The Hopkins Police Department says an unattached gas line was the cause of the deadly house explosion in the city that killed two people last month. 

In a press release, police say a newly installed hot water heater's gas line was not properly attached, allowing the home to fill with gas.

The release did not specify what they believe caused its ignition. The Hopkins Fire Department says the home explosion in late July that took the lives of Herb and Sharon Vassar, both in their eighties, is now ruled an accident and an unattached gas line is the cause.

But it was not the exact gas line that was initially in question.

When the home on 21st Avenue North abruptly exploded on the morning of July 27th, there were immediate questions about the water heater that Herb had just replaced.

His granddaughter, Alyssa Kennedy, said so in an interview with Fox 9 that afternoon.

"Now, he was a carpenter for 60 years, so he knows how to do things like that," Kennedy told us that day.  "But, he was 85. We wonder if he maybe just didn’t tighten something enough."

Last Friday, Hopkins Fire and an insurance investigator went into the debris to take a closer look at the basement.  They found the copper gas line to the clothes dryer was not connected.

"It was fully intact," said Hopkins Fire Chief Dale Specken.  "But not connected."

house explosion

Arial shot of the remains of a house following an explosion.  (FOX 9)

Asked if the explosion would have disconnected it?  "No, no. It would not have."

What they surmise is that Herb had to move the dryer out of the way to replace the water heater.  When he slid it back into position, after installing the heater, he inadvertently missed reconnecting the dryer to its own gas line.

"And then turned the valves on, subsequently pumping gas into the basement which later caused the explosion," said Chief Specken. 

Specken also says the way the basement was built, with its own entrance, it’s likely the smell of gas remained contained to that level and harder to notice on the main level.

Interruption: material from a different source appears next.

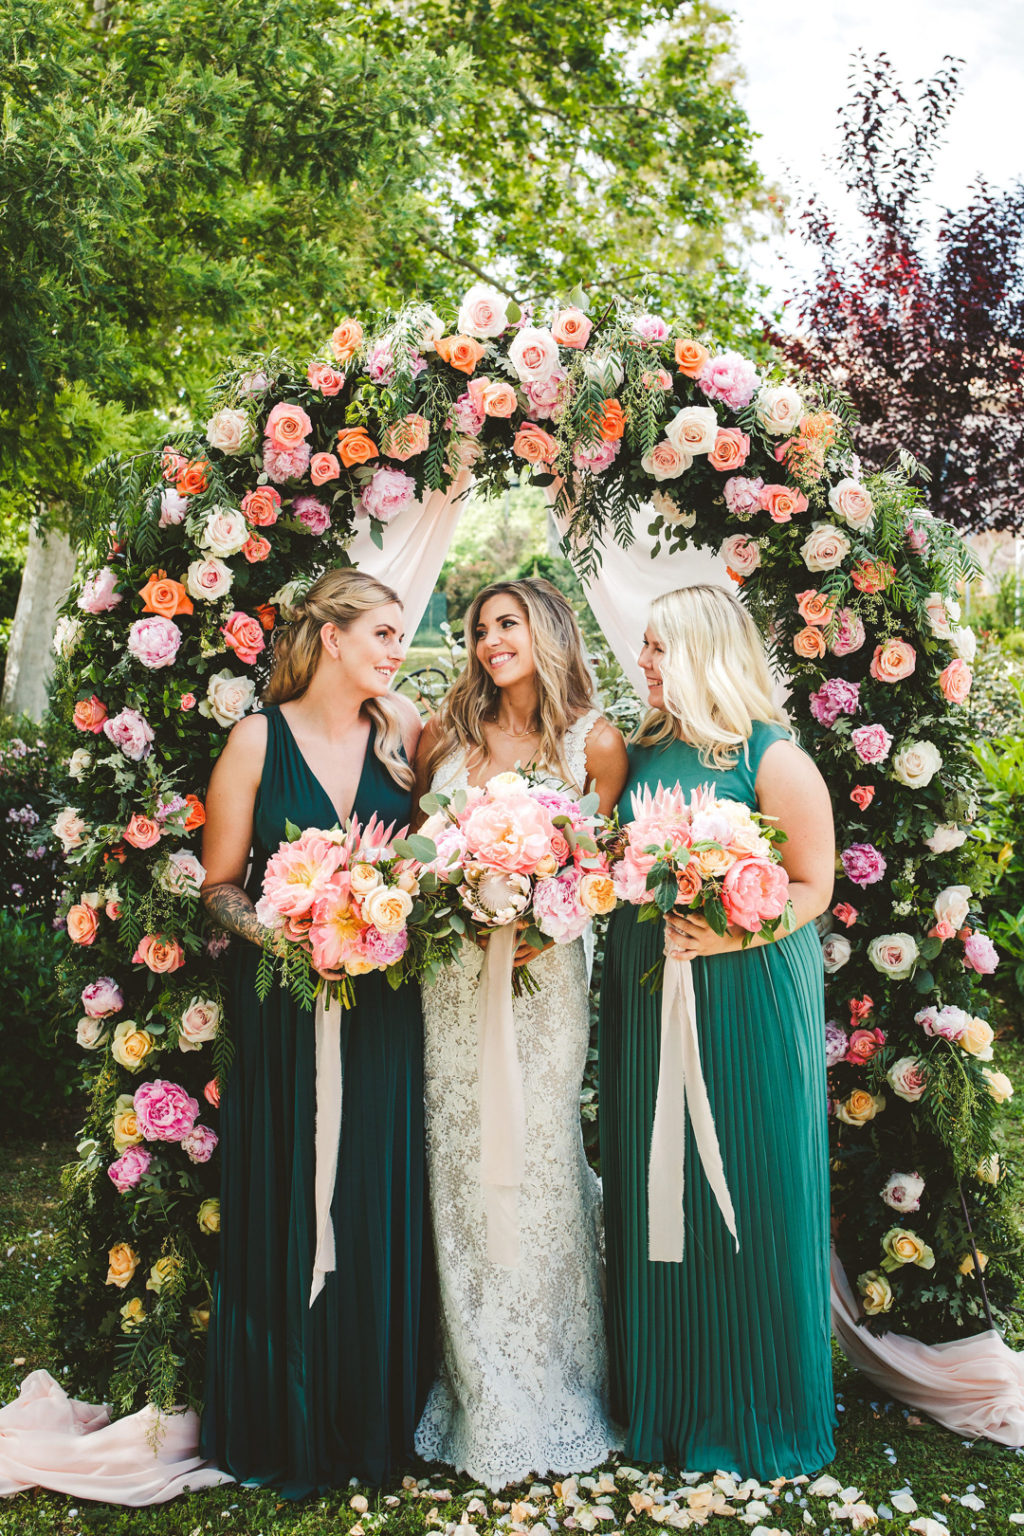 The wedding arch was decorated with greenery and bold and blush blooms all over

This conclusion is from the Hopkins Fire Department.  The State Fire Marshal is still working on their investigation and say their findings, which rely on more detailed lab analysis, may still be a month or more away.

Specken says it’s important to have someone experienced do any work in your home that involves gas lines.  For those who are experienced, like Herb Vassar, to pay close attention.   This, he says, was a simple but tragic mistake.

"In everything we had heard is that he had replaced a number of water heaters in his past," said Specken.  "And this was an accident and unfortunately caused the explosion and caused their deaths."